ALEC Meetings: Corporate-Funded Events and Scholarships

ALEC's annual meetings and task force summits are usually held in vacation spots like New Orleans and at swank resorts like the Westin Kierland Resort in Scottsdale, Arizona. Wisconsin legislators are paid $49,943 a year for working in the legislature, so for many politicians these destinations and resort trips would be unaffordable, for themselves or their families. Luckily for ALEC legislators, ALEC's corporate members bankroll legislator flights and hotel rooms through ALEC “scholarships,” and corporations also fund their wining and dining by underwriting ALEC meetings and receptions. Additionally, ALEC provides access to partially-subsidized child care, called “Kids Congress,” and has created itineraries for legislative and lobbyist spouses, who are invited to attend corporate-sponsored receptions, meals, and other excursions.

The corporate-funded gifts of flights and hotel rooms are filtered through the ALEC “scholarship” program. According to ALEC’s bylaws, funds for these so-called “scholarships” are raised from corporate and special interests by the ALEC Public Sector State Chair and Private Enterprise State Chair. Wisconsin’s current Public Sector State Co-Chairs are Reps. Robin Vos and Scott Suder, and the Private Enterprise Chair is lobbyist Amy Boyer, whose clients have included ALEC members Koch Industries, Xcel Energy, and Wal-Mart. The previous legislative chairs for the state of Wisconsin were Sen. Scott Fitzgerald and then-Rep. Mike Huebsch.

Another open records request revealed the names of additional donors. Top contributors include AT&T, the drug manufacturer trade group PhRMA, T-Mobile, Kraft, and US Tobacco. Many of those contributions are made on the same day, suggesting the dollars are raised as part of fundraising events, an inference supported by other open records documents. All of the corporations and organizations contributing to the Wisconsin scholarship fund – which is used to subsidize legislators’ flights and hotel rooms – employ lobbyists in the state and have an interest in the outcome of legislative activity in the Wisconsin Capitol.

Wisconsin has some of the strongest lobbying rules in the country and prohibits legislators from accepting anything of value from lobbyists, or from corporations that employ lobbyists in the state. These so-called “scholarships” would appear to directly violate these rules.

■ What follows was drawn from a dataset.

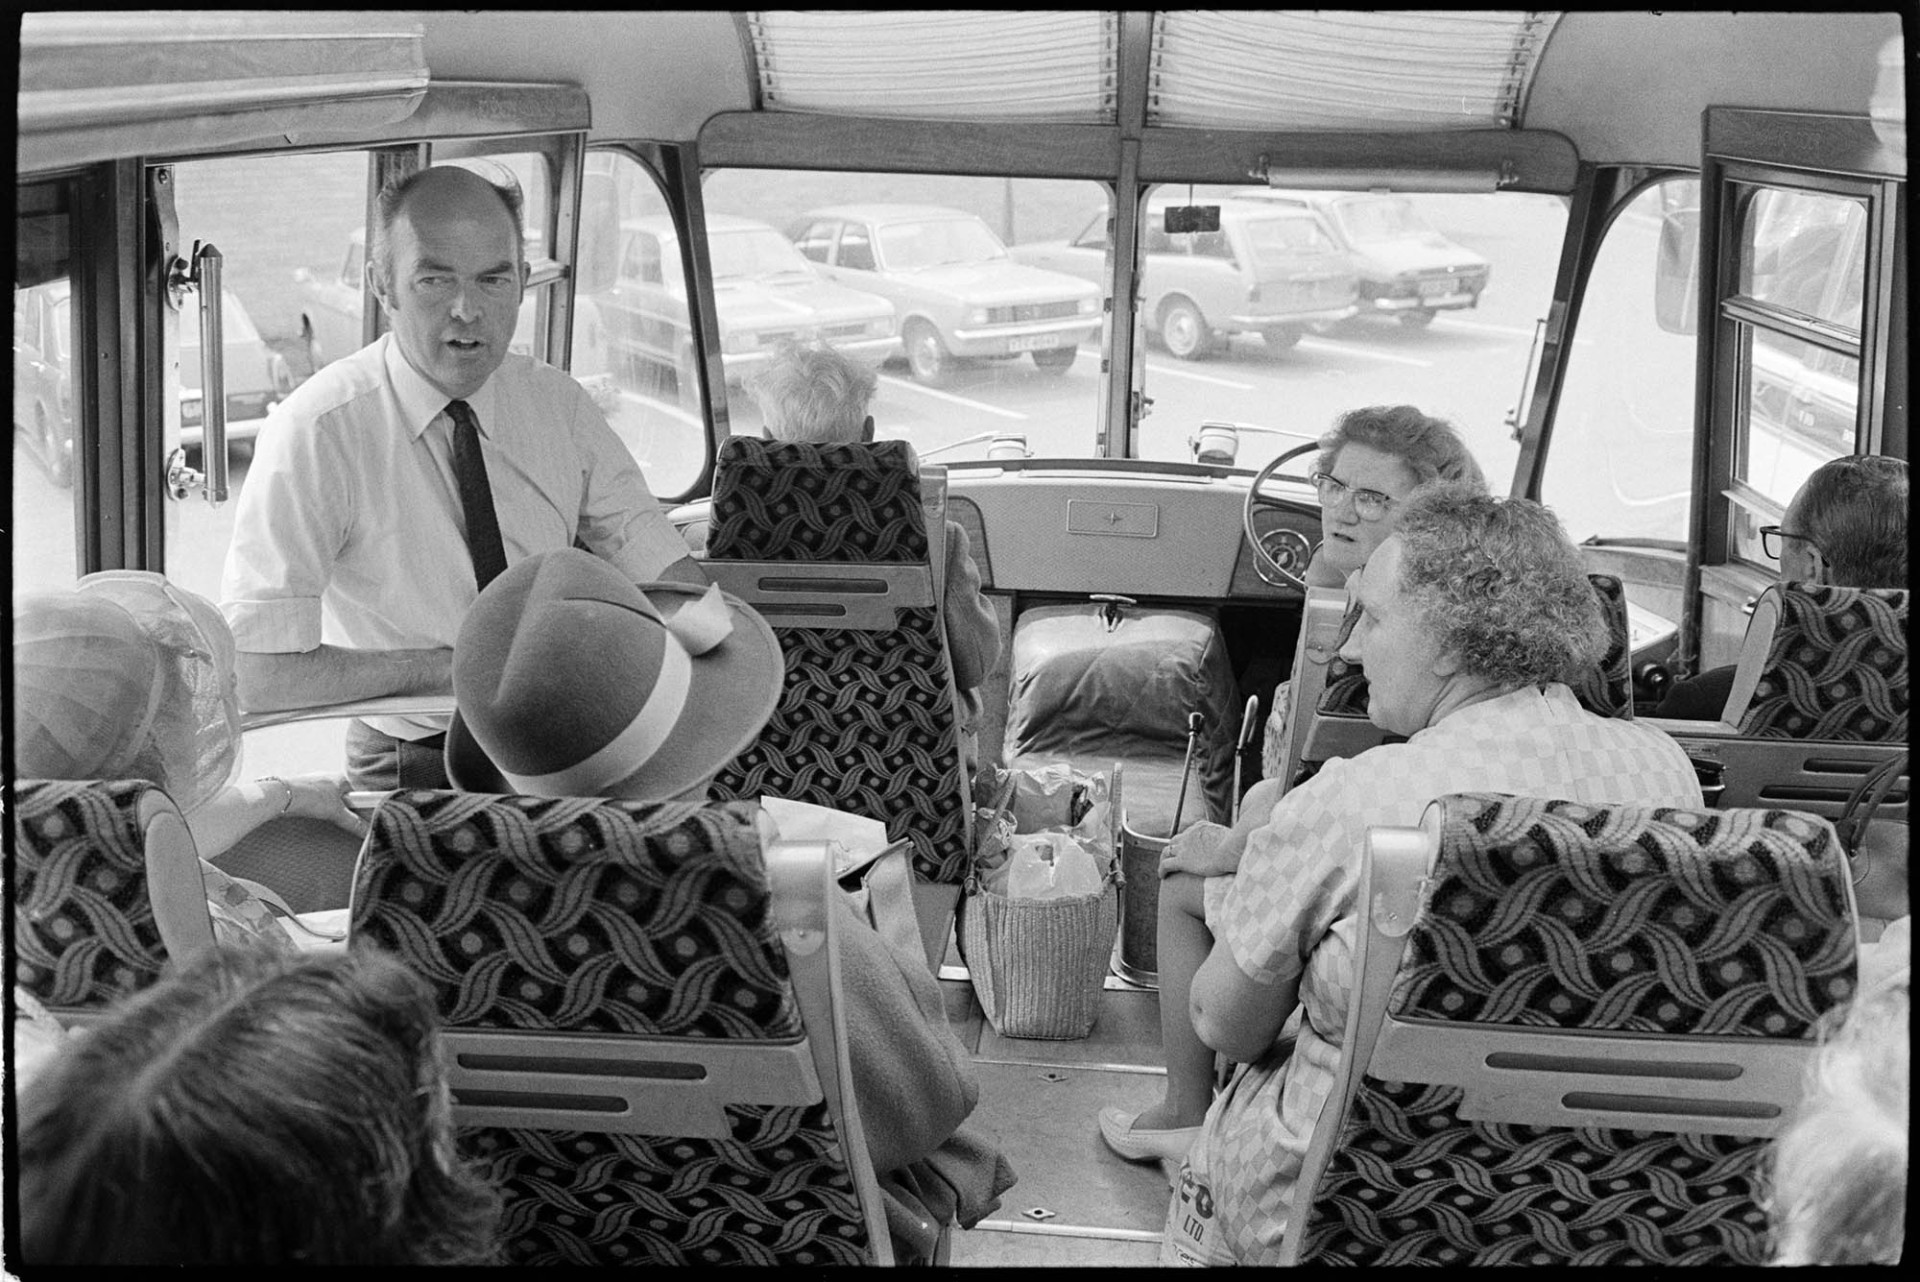 Passengers on Friday bus to Barnstaple. Driver John Beer from Chulmleigh.<br />
[Women sat at the front on the bus and talking to the driver. The woman on the extreme left wearing a hat is Mrs Turner, the proprietor of the bus company.]

What makes the “scholarships” even more troubling is that once legislators are at an ALEC meeting, they often rub shoulders with lobbyists for the same corporations that may have paid for their travel expenses, and legislators are provided model legislation that tends to benefit those same corporate interests. Recent ALEC meetings have included Wisconsin lobbyists for Altria (Garth Alston), Celgene (Greg Chesmore), Amgen (John Benske), Alliant Energy (Bob Bartlett), PhRMA and the Cigar Association of America (Tom Moore), as well as former Assembly Leader Scott Jensen (now lobbying for American Federation for Children) and ALEC State Chair Amy Boyer (Koch Industries, Wal-Mart, Xcel Energy, and others). Additionally, ALEC corporations underwrite other perks for legislators and their families, including receptions with free food and drinks, and entertainment like Major League Baseball games, cigar parties, and shooting events.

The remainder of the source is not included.